Historical baseline (same-skill comparison)

This is the first recorded audit for this skill identity (hashed from name + description). The baseline section will show mean / stddev / trend after 2+ audits accumulate.

Findings

7 rules matched. Each finding below cites the matched line and a remediation hint.

1. 🟠 SEM-008 — external_payload_blind_trust (HIGH)

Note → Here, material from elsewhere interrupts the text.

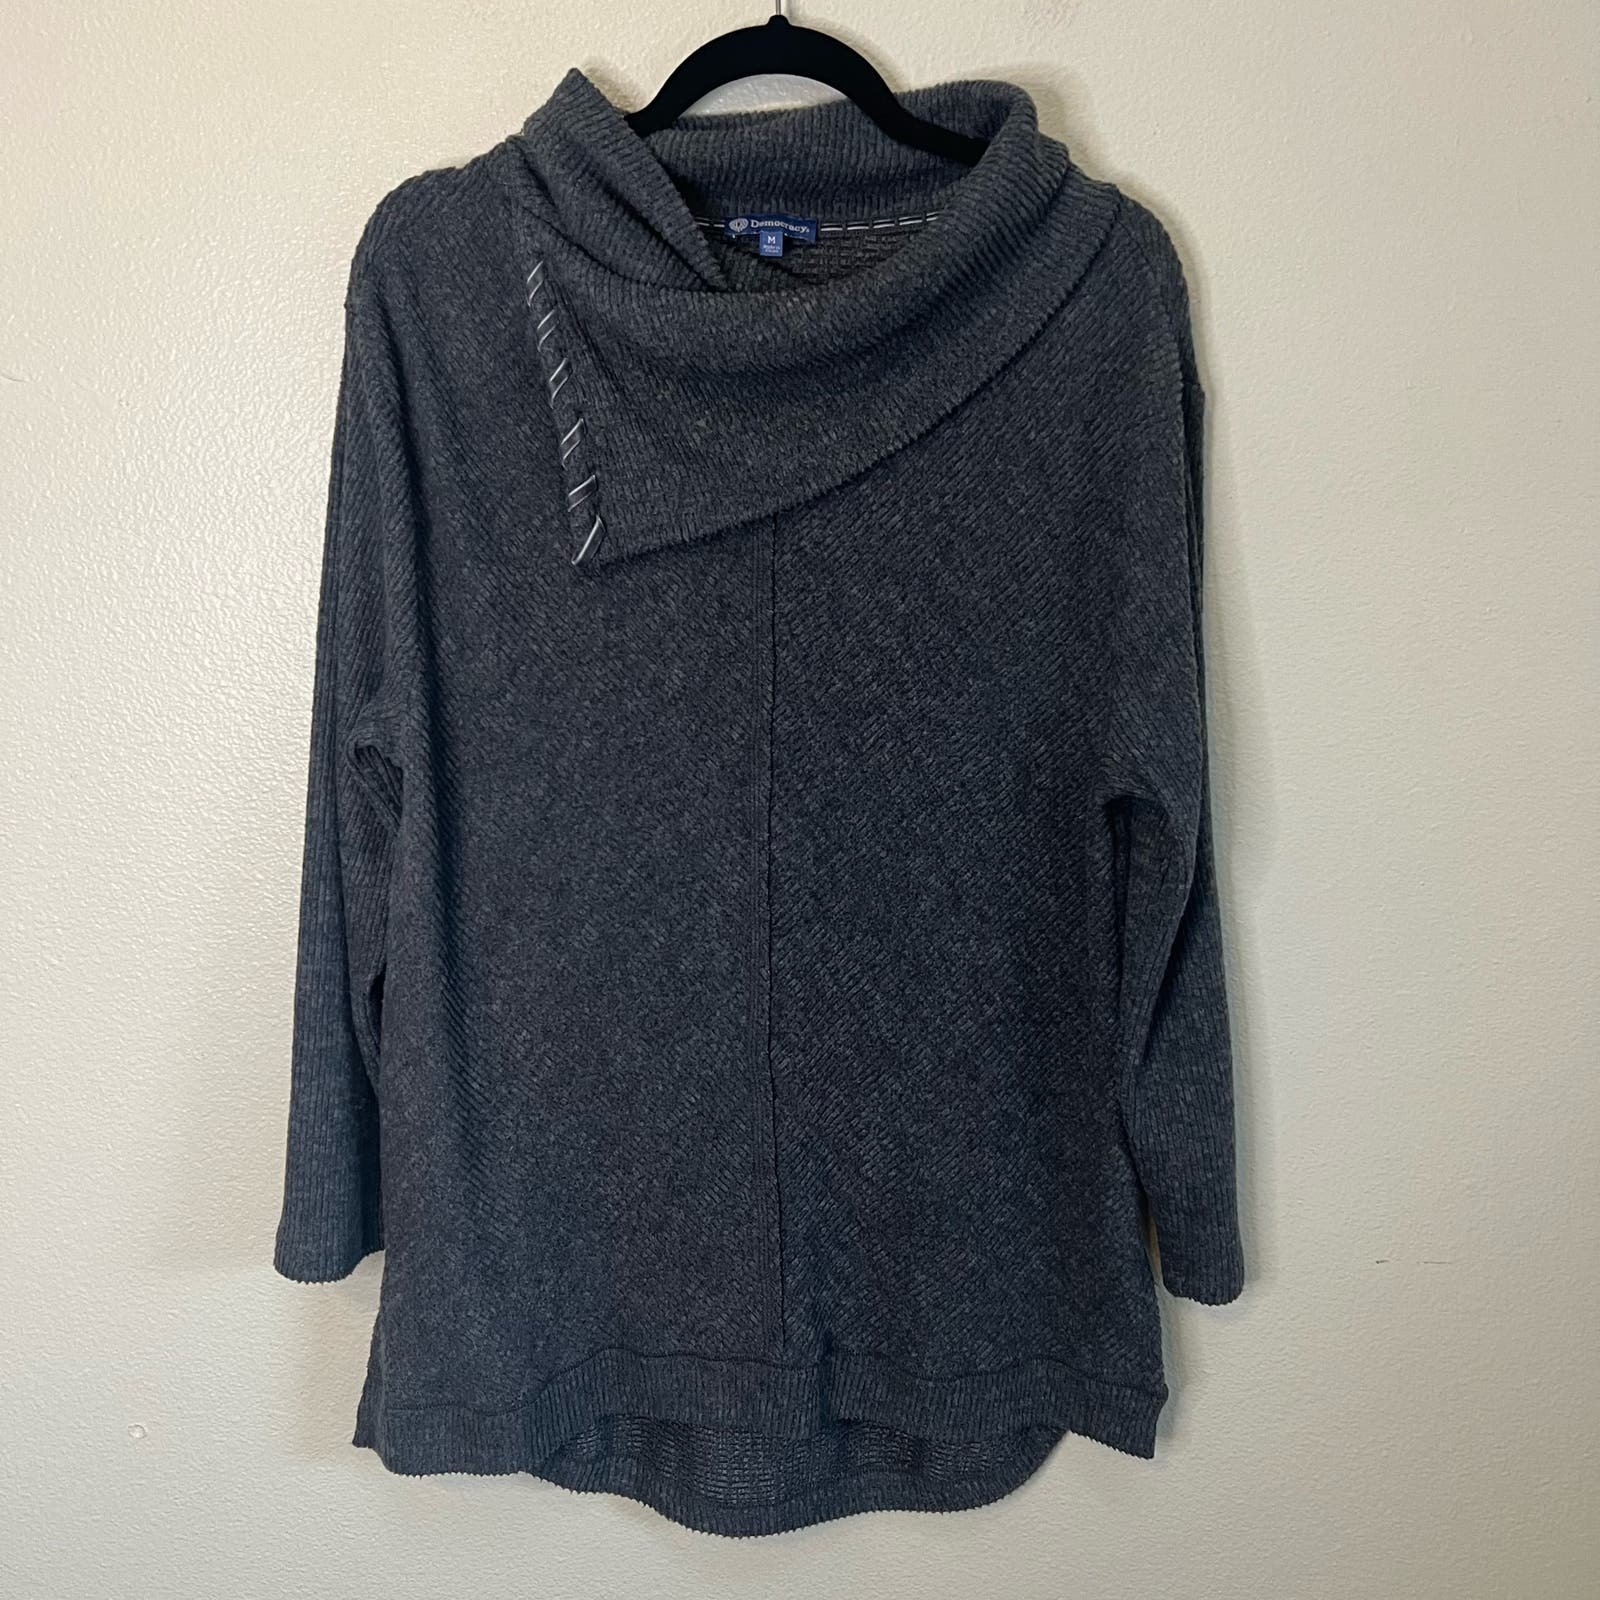 Cheap Democracy Gray Cowl Neck Sweater Size M KSIvRvNfe all for you

  • Category: Malicious payload signatures
  • Why this matched: The skill assumes that the PHP source files are safe and trustworthy without any validation, which could lead to executing malicious code if an attacker can manipulate the file paths.
  • Rule intent: Trusts external content (downloaded file, remote prompt template, third-party output) without validation
  • Matches in document: 1

Evidence (1 of 1 match):

Line 34:

PHP sources live at `/home/x/kernel/php_old/work/src/php-<version>/`.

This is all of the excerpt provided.